Site Reliability Engineer at Klaviyo (Boston, MA)

Desired Skills and Experience

Design, write and deliver software to improve the availability, scalability, latency, and efficiency of Klaviyo’s services.
Perform quantitative analysis to understand high-impact events that break * Klaviyo functionality and manage the cross-functional effort resolve those events
Solve problems relating to mission critical services and build automation to prevent problem recurrence; with the goal of automating response to all non-exceptional service conditions.
Engage in service capacity planning and demand forecasting, software performance analysis and system tuning.

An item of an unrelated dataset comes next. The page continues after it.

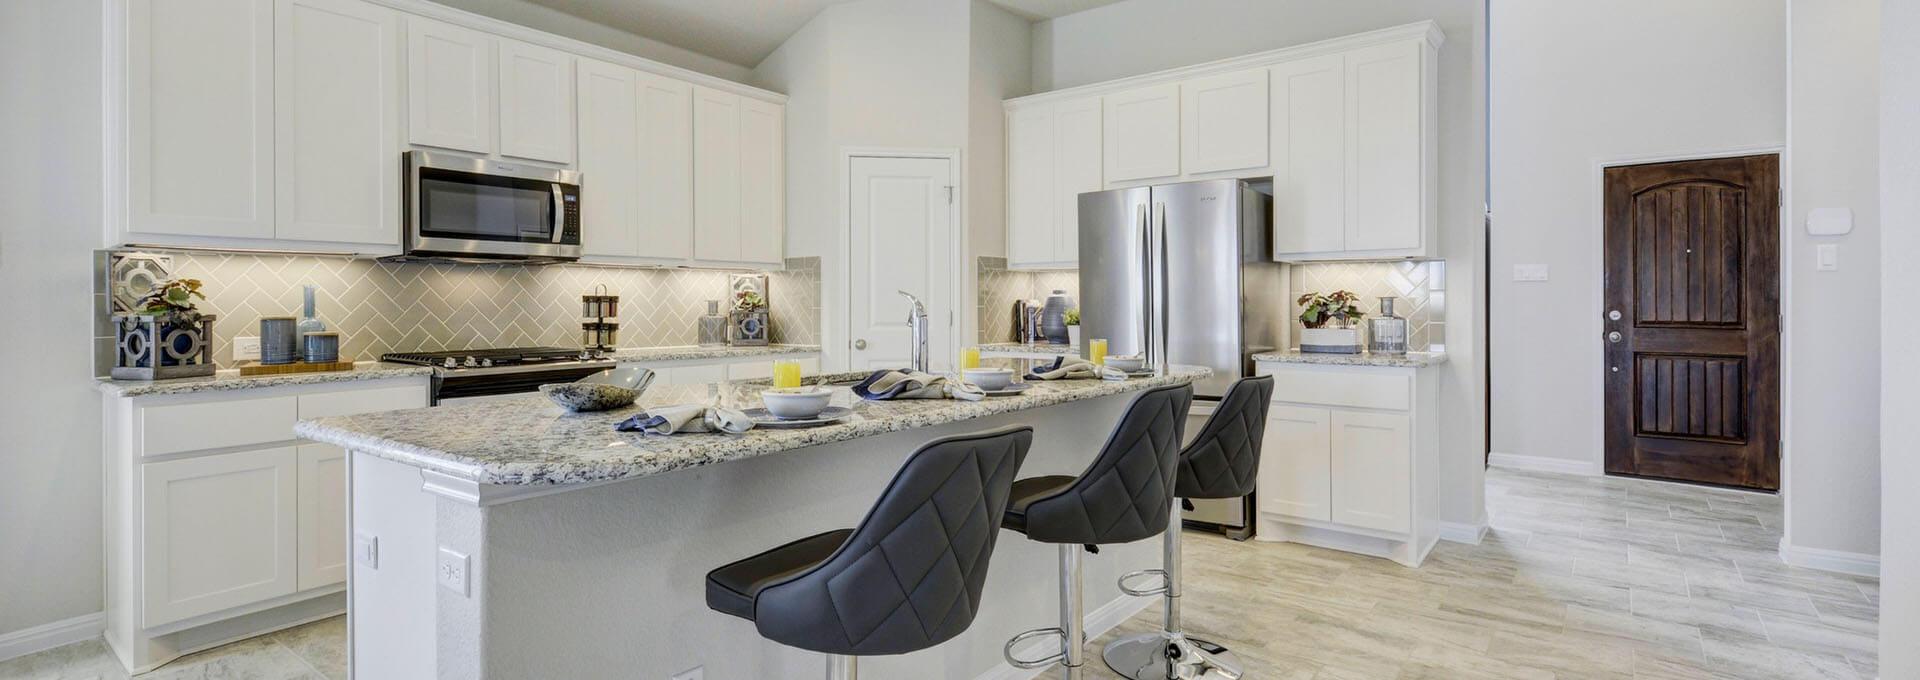 the Aaron kitchen photo

Uncover and advocate for preventative, upstream solutions with internal stakeholders and external vendors and dependencies
Confidently make informed, data-driven decisions in a fast paced environment with competing priorities
Identify and drive opportunities to improve operational workflows
Conduct periodic on call duties
Educate other Klaviyo engineers on the best practices for building and operating highly reliable systems
BA or BS Degree in Computer Science, related field, or equivalent experience
Technical, Engineering or Quantitative background
Proven experience with Linux (we run Ubuntu) and all layers of the networking stack. You should be confident administering and debugging production Linux systems
Experience working on team software projects
Experience in one or more of: Python, Ruby, Go.
Familiarity with running and scaling distributed software systems (load balancing, high availability, systems monitoring, etc.)
Expertise in designing, analyzing and troubleshooting high-traffic, large-scale distributed systems.
Understanding of Unix/Linux systems from kernel to shell and beyond, taking in system libraries, file systems, and client-server protocols along the way.
Experience with Amazon Web Services (AWS) or similar cloud compute offerings, and tools to make managing cloud workloads easier (Terraform, Packer, etc.)
Networking: knowledge and understanding of network theory, such as different protocols (TCP/IP, UDP, ICMP, etc), MAC addresses, IP packets, DNS, OSI layers, and load balancing).
Experience with building and scaling highly-reliable distributed Python systems (we use Django extensively)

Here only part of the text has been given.